WORK TO COMPLETE
Copy out all of the material. Every line must match the original.

RECORDS SHOWN
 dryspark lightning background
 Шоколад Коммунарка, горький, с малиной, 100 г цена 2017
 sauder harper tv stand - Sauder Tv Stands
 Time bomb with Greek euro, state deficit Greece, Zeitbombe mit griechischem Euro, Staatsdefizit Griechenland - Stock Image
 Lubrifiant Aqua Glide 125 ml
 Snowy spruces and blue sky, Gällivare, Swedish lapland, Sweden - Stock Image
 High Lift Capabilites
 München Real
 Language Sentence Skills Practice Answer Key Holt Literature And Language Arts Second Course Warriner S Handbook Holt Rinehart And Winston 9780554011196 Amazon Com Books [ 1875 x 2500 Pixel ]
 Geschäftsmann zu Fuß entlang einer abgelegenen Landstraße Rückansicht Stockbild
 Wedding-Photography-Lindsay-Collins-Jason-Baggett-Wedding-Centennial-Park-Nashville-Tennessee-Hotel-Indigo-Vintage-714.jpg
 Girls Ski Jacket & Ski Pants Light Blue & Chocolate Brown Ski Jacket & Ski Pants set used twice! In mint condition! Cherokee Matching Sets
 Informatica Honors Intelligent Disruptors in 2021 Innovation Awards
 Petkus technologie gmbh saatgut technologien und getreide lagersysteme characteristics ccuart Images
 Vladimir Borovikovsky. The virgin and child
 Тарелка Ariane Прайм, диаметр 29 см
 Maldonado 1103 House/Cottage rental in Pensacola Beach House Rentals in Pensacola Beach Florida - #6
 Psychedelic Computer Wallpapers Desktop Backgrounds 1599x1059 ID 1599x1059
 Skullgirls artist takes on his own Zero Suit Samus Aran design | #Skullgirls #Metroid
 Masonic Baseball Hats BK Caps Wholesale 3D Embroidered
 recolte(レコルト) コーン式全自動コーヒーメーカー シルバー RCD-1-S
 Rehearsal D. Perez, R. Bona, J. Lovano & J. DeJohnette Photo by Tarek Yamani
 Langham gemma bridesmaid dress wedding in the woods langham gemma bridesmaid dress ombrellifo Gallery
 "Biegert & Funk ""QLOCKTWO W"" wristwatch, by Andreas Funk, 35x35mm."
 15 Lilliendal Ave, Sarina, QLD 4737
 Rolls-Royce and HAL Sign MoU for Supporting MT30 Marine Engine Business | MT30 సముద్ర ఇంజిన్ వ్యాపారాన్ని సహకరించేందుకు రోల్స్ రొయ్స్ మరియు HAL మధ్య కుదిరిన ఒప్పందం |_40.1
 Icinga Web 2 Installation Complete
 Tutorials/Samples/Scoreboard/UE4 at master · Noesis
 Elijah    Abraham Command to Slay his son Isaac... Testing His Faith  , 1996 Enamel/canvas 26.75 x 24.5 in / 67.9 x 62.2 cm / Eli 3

ANSWER SECTION
 dryspark lightning background
 Шоколад Коммунарка, горький, с малиной, 100 г цена 2017
 sauder harper tv stand - Sauder Tv Stands
 Time bomb with Greek euro, state deficit Greece, Zeitbombe mit griechischem Euro, Staatsdefizit Griechenland - Stock Image
 Lubrifiant Aqua Glide 125 ml
 Snowy spruces and blue sky, Gällivare, Swedish lapland, Sweden - Stock Image
 High Lift Capabilites
 München Real
 Language Sentence Skills Practice Answer Key Holt Literature And Language Arts Second Course Warriner S Handbook Holt Rinehart And Winston 9780554011196 Amazon Com Books [ 1875 x 2500 Pixel ]
 Geschäftsmann zu Fuß entlang einer abgelegenen Landstraße Rückansicht Stockbild
 Wedding-Photography-Lindsay-Collins-Jason-Baggett-Wedding-Centennial-Park-Nashville-Tennessee-Hotel-Indigo-Vintage-714.jpg
 Girls Ski Jacket & Ski Pants Light Blue & Chocolate Brown Ski Jacket & Ski Pants set used twice! In mint condition! Cherokee Matching Sets
 Informatica Honors Intelligent Disruptors in 2021 Innovation Awards
 Petkus technologie gmbh saatgut technologien und getreide lagersysteme characteristics ccuart Images
 Vladimir Borovikovsky. The virgin and child
 Тарелка Ariane Прайм, диаметр 29 см
 Maldonado 1103 House/Cottage rental in Pensacola Beach House Rentals in Pensacola Beach Florida - #6
 Psychedelic Computer Wallpapers Desktop Backgrounds 1599x1059 ID 1599x1059
 Skullgirls artist takes on his own Zero Suit Samus Aran design | #Skullgirls #Metroid
 Masonic Baseball Hats BK Caps Wholesale 3D Embroidered
 recolte(レコルト) コーン式全自動コーヒーメーカー シルバー RCD-1-S
 Rehearsal D. Perez, R. Bona, J. Lovano & J. DeJohnette Photo by Tarek Yamani
 Langham gemma bridesmaid dress wedding in the woods langham gemma bridesmaid dress ombrellifo Gallery
 "Biegert & Funk ""QLOCKTWO W"" wristwatch, by Andreas Funk, 35x35mm."
 15 Lilliendal Ave, Sarina, QLD 4737
 Rolls-Royce and HAL Sign MoU for Supporting MT30 Marine Engine Business | MT30 సముద్ర ఇంజిన్ వ్యాపారాన్ని సహకరించేందుకు రోల్స్ రొయ్స్ మరియు HAL మధ్య కుదిరిన ఒప్పందం |_40.1
 Icinga Web 2 Installation Complete
 Tutorials/Samples/Scoreboard/UE4 at master · Noesis
 Elijah    Abraham Command to Slay his son Isaac... Testing His Faith  , 1996 Enamel/canvas 26.75 x 24.5 in / 67.9 x 62.2 cm / Eli 3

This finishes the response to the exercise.